====== MATERIAL PROVIDED ======

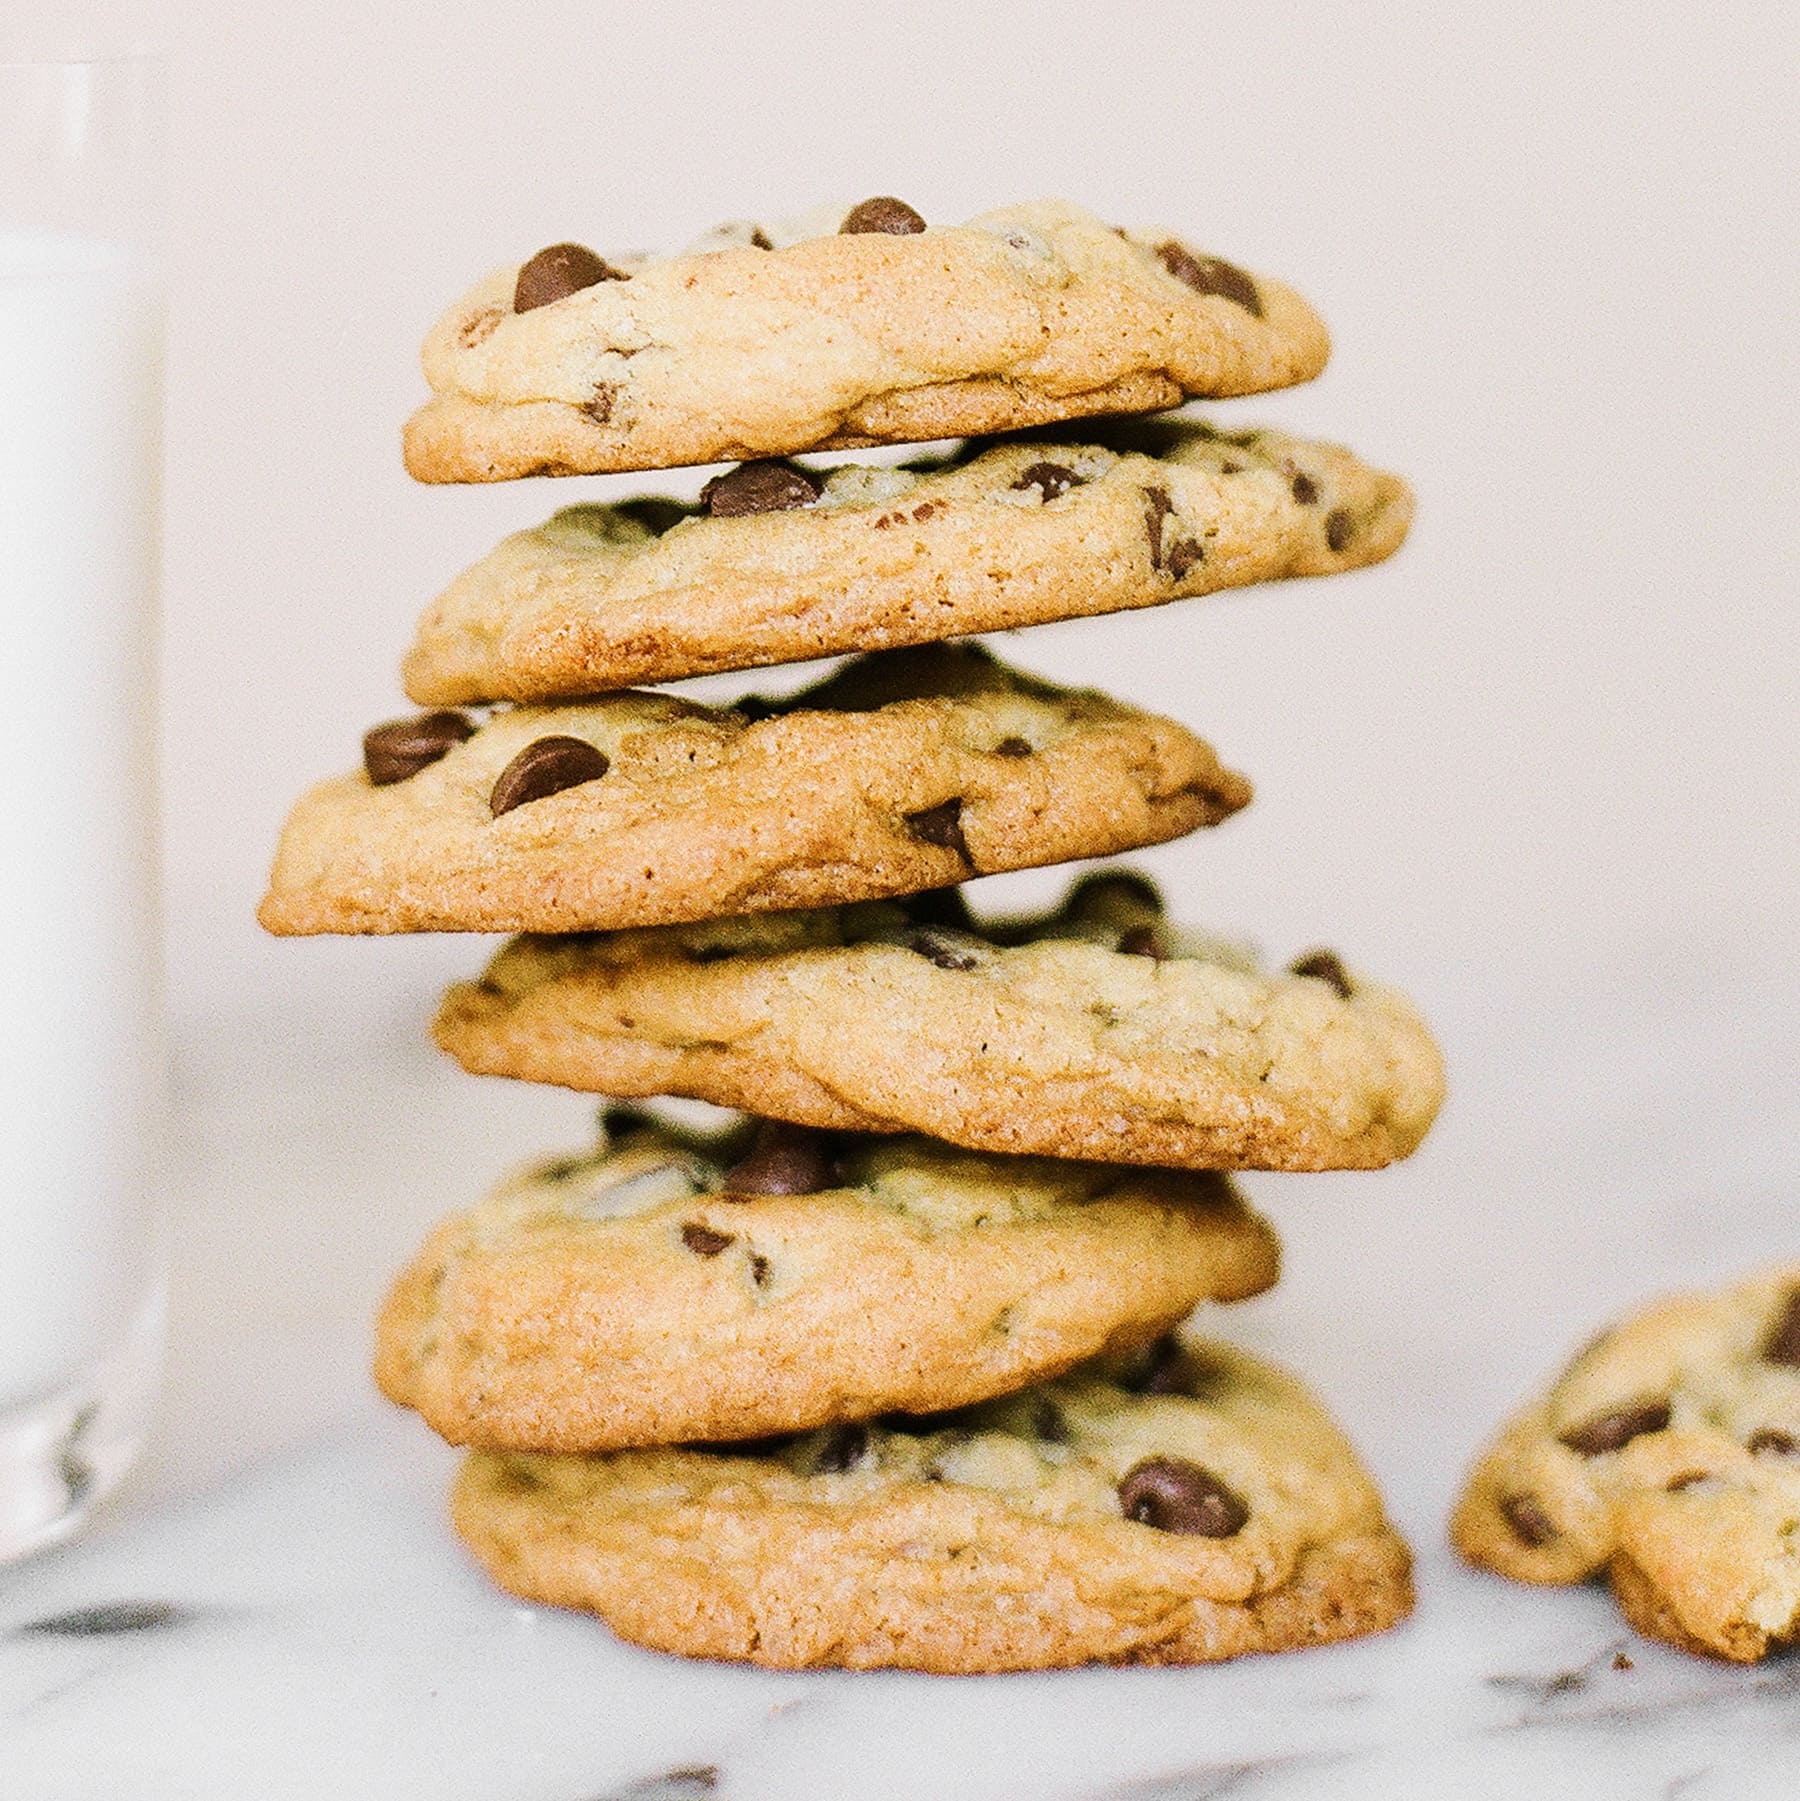 Ultimate Chocolate Chip Cookies are big, thick, chewy, soft in the middle, crisp at the edges, and chock full of chocolate chips!
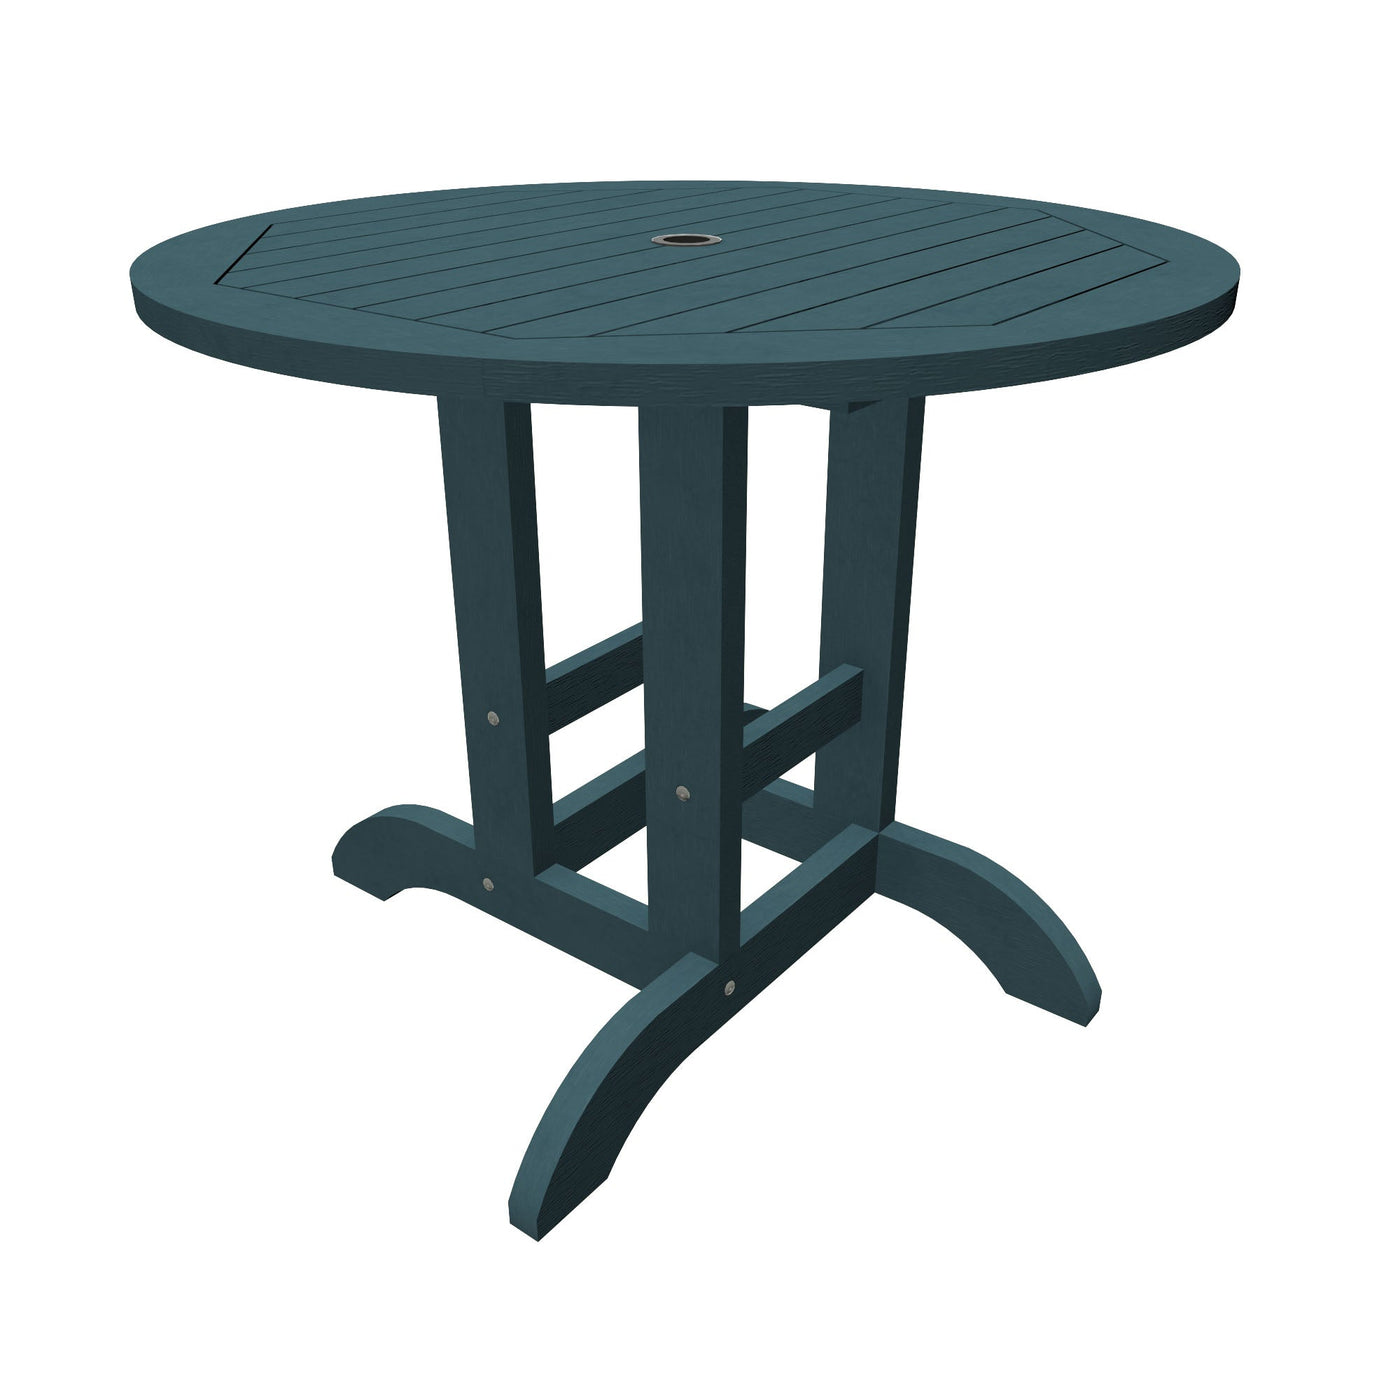 Commercial Grade 36-inch Round Bistro Dining Height Table Sequoia Professional Nantucket Blue 
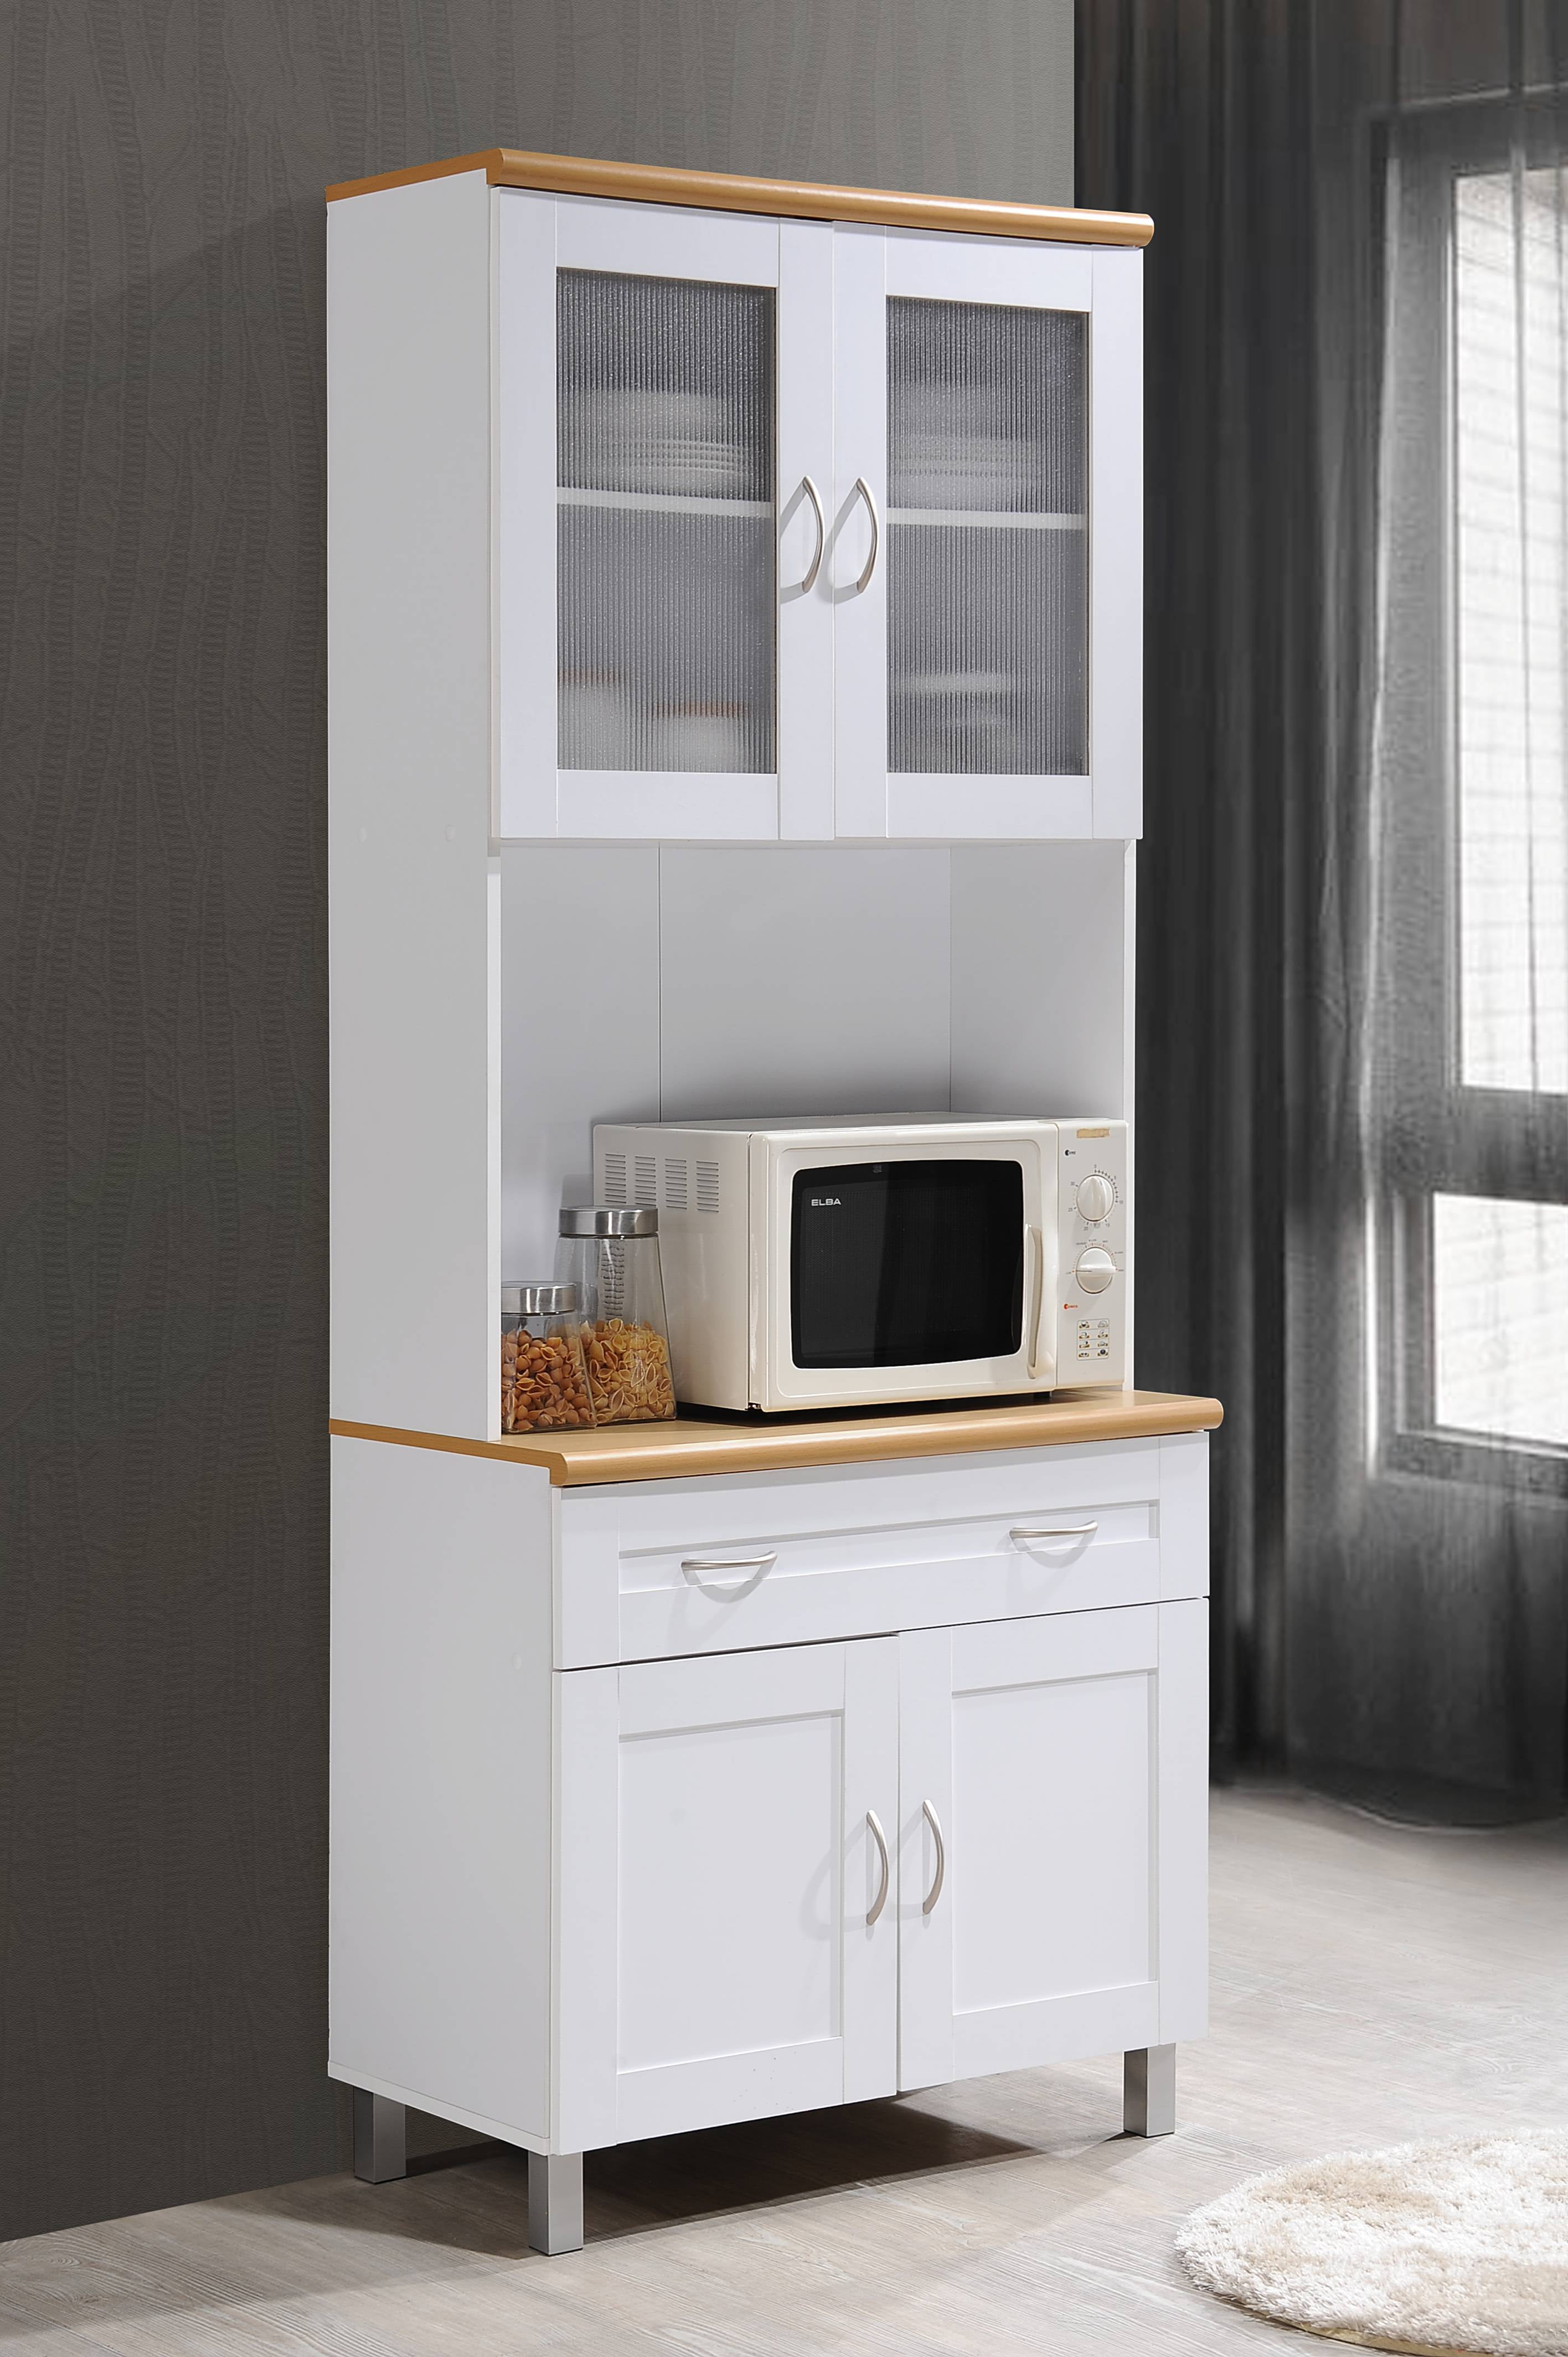 Details about   Hodedah Freestanding Kitchen Storage Cabinet w/ Open Space for Microwave White

======

_ASSIGNED TASK_
Would you return all the data exactly as given, minus the pictures?

_RESULT FOR THIS TASK_
 Ultimate Chocolate Chip Cookies are big, thick, chewy, soft in the middle, crisp at the edges, and chock full of chocolate chips!
 Commercial Grade 36-inch Round Bistro Dining Height Table Sequoia Professional Nantucket Blue 
 Details about   Hodedah Freestanding Kitchen Storage Cabinet w/ Open Space for Microwave White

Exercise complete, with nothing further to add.